Fimmel and Strüngmann ("Codon distribution in error-detecting circular codes", Life, 2016, 6, 14) write in the abstract of their article
- « In 1957, Francis Crick et al. suggested an ingenious explanation for the process of frame maintenance. The idea was based on the notion of comma-free codes. Although Crick’s hypothesis proved to be wrong, in 1996, Arquès and Michel discovered the existence of a weaker version of such codes in eukaryote and prokaryote genomes, namely the so-called circular codes. Since then, circular code theory has invariably evoked great interest and made significant progress. »
- « In 2015, by quantifying the approach used in 1996 and by applying massive statistical analysis of gene taxonomic groups, the circular code detected in 1996 was rediscovered extensively in genes of prokaryotes and eukaryotes and now also identified in the genes of plasmids and viruses (Michel, 2015). The codes discovered by Arquès and Michel in nature have even more interesting properties [par rapport aux codes comma-free]. With each codon, its anticodon is also in the code (self-complementarity), and they also have the error detection property in frame 1 and 2 (C3-property). »

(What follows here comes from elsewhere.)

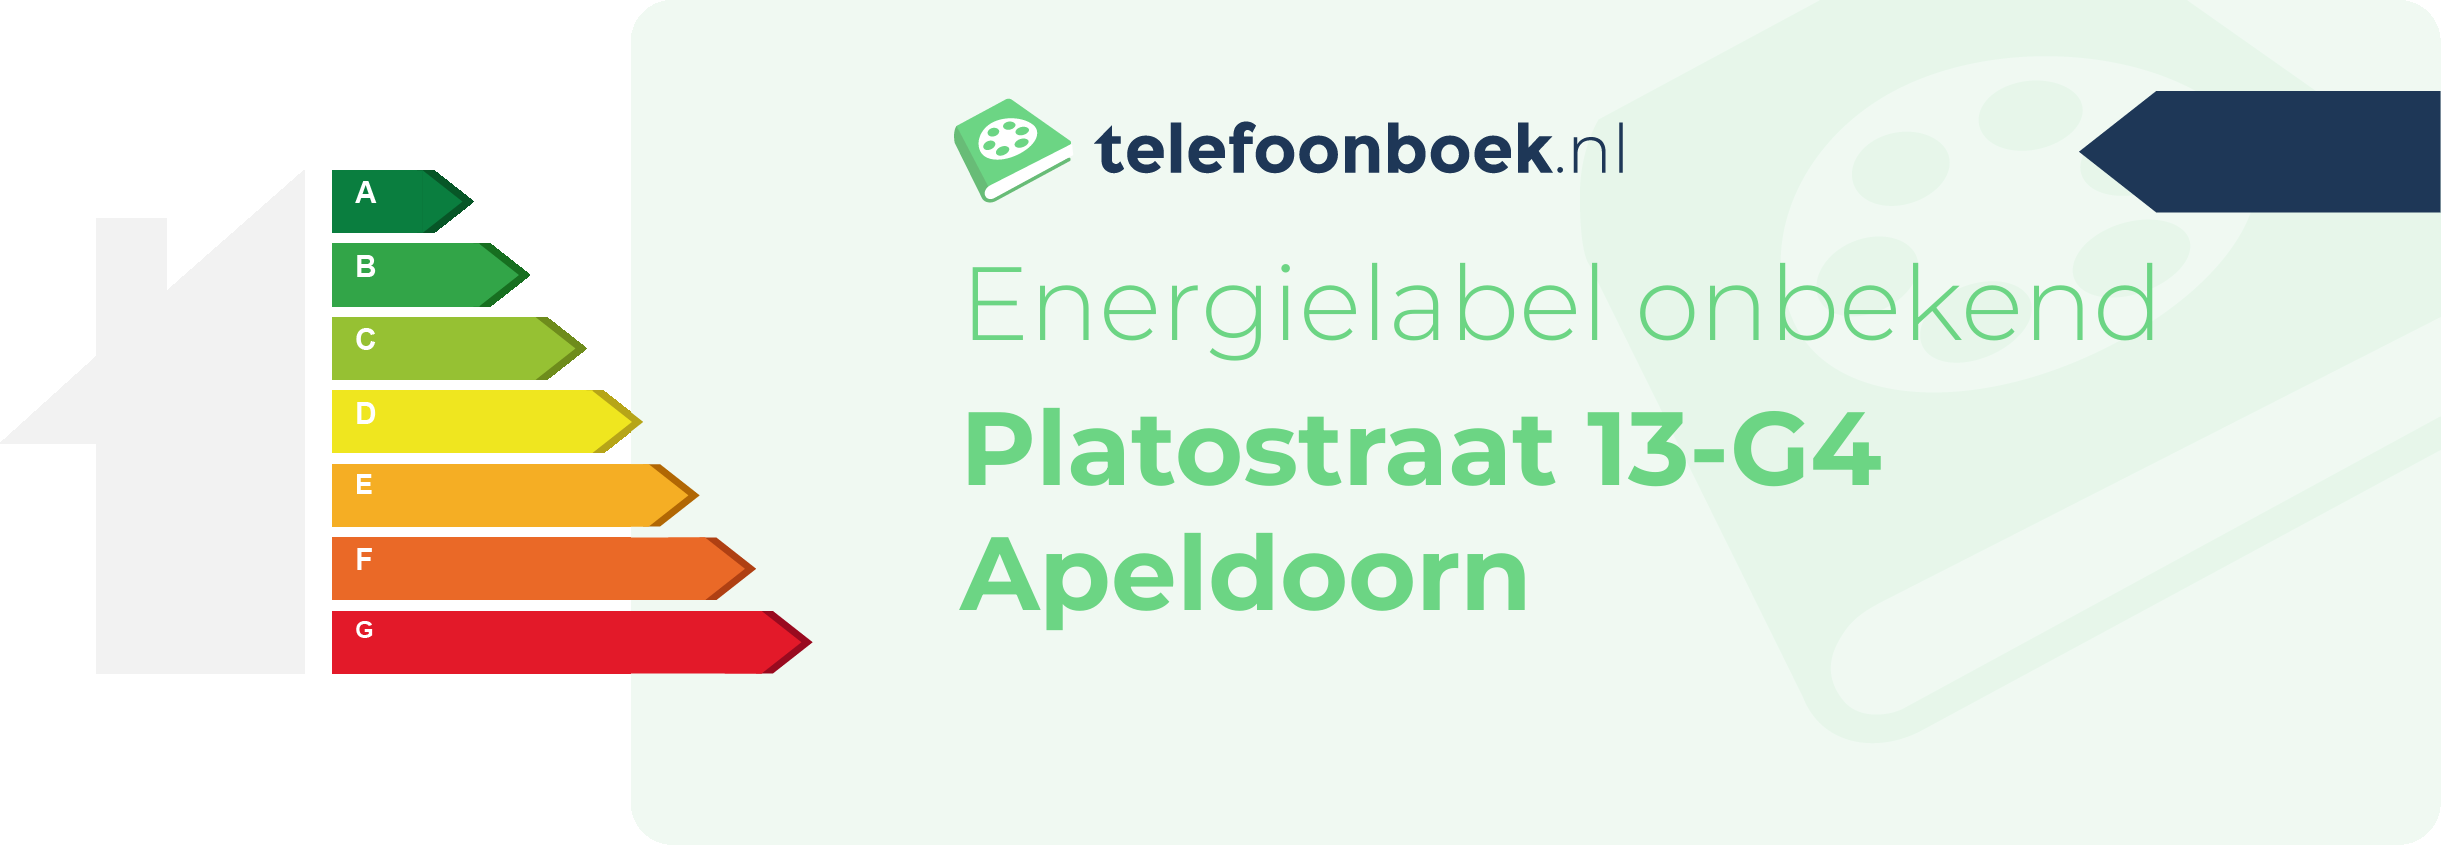 Energielabel Platostraat 13-G4 Apeldoorn

- « In 1957, Francis Crick et al. suggested an ingenious explanation for the process of frame maintenance. The idea was based on the notion of comma-free codes. Although Crick’s hypothesis proved to be wrong, in 1996, Arquès and Michel discovered the existence of a weaker version of such codes in eukaryote and prokaryote genomes, namely the so-called circular codes. Since then, circular code theory has invariably evoked great interest and made significant progress. »

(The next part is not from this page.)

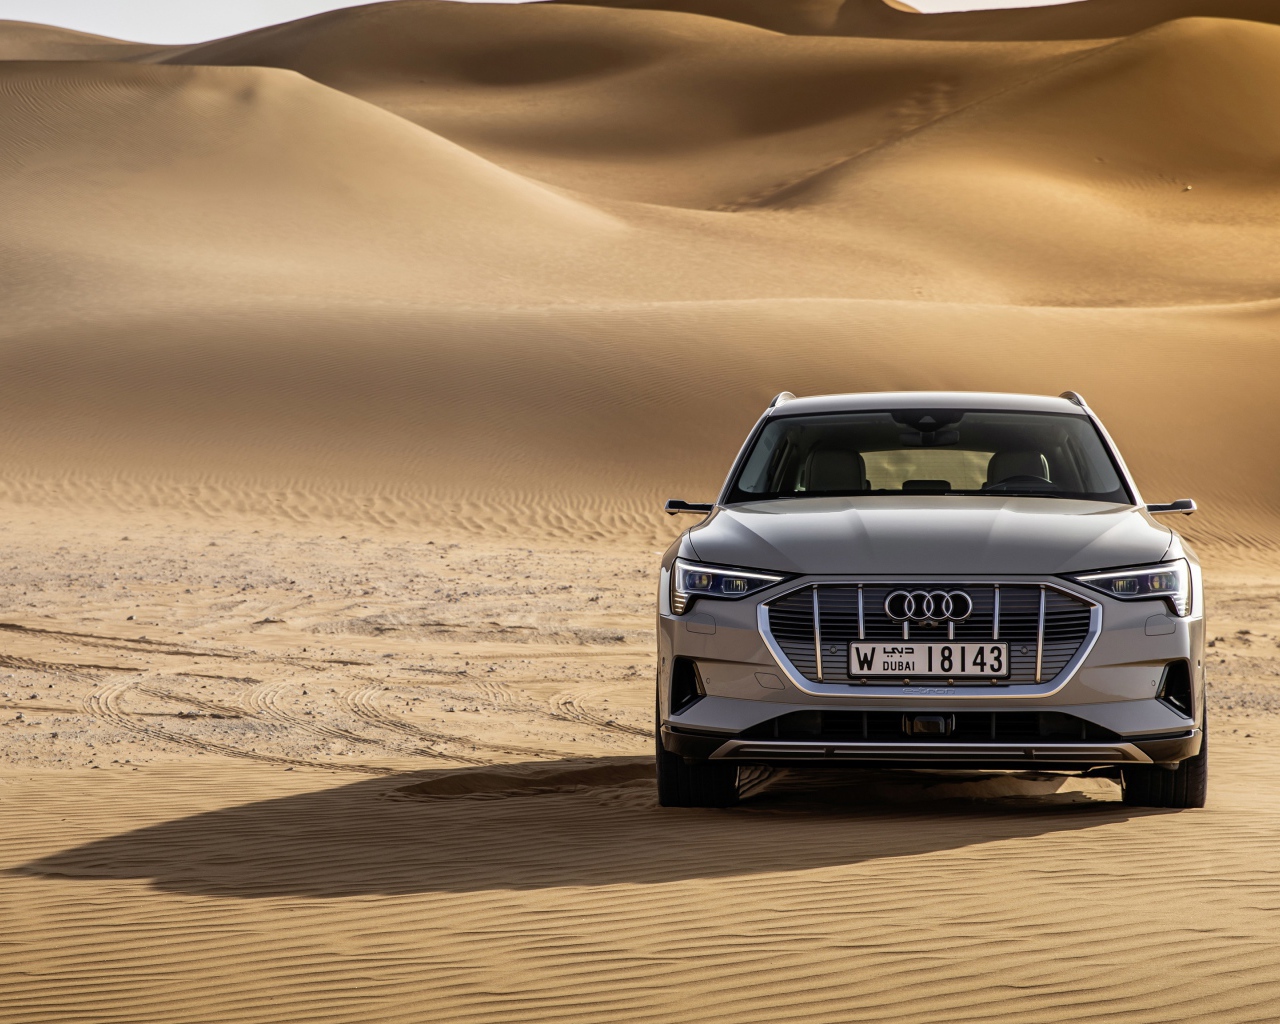 Серебристый автомобиль Audi E-tron Quattro в пустыни

This circular code theory proposes that genes are constituted by two codes:
(i) the universal genetic code and its variant genetic codes that allow the coding of 61 trinucleotides of the genes into 20 amino acids of the proteins;
(ii) the universal circular code "X" and its variant circular codes (Michel, 2015, Arquès and Michel, 1996) which allow to automatically synchronize and retrieve each of the three phases of the genes on the direct strand of The DNA (the reading phase and its two phases shifted thanks to the property C 3); (Iib) pairing to synchronize and automatically retrieve each of the three phases of the genes on the complementary strand of the DNA (complementarity property); And (iic) encode 20 "X" trinucleotides into 12 amino acids of the proteins.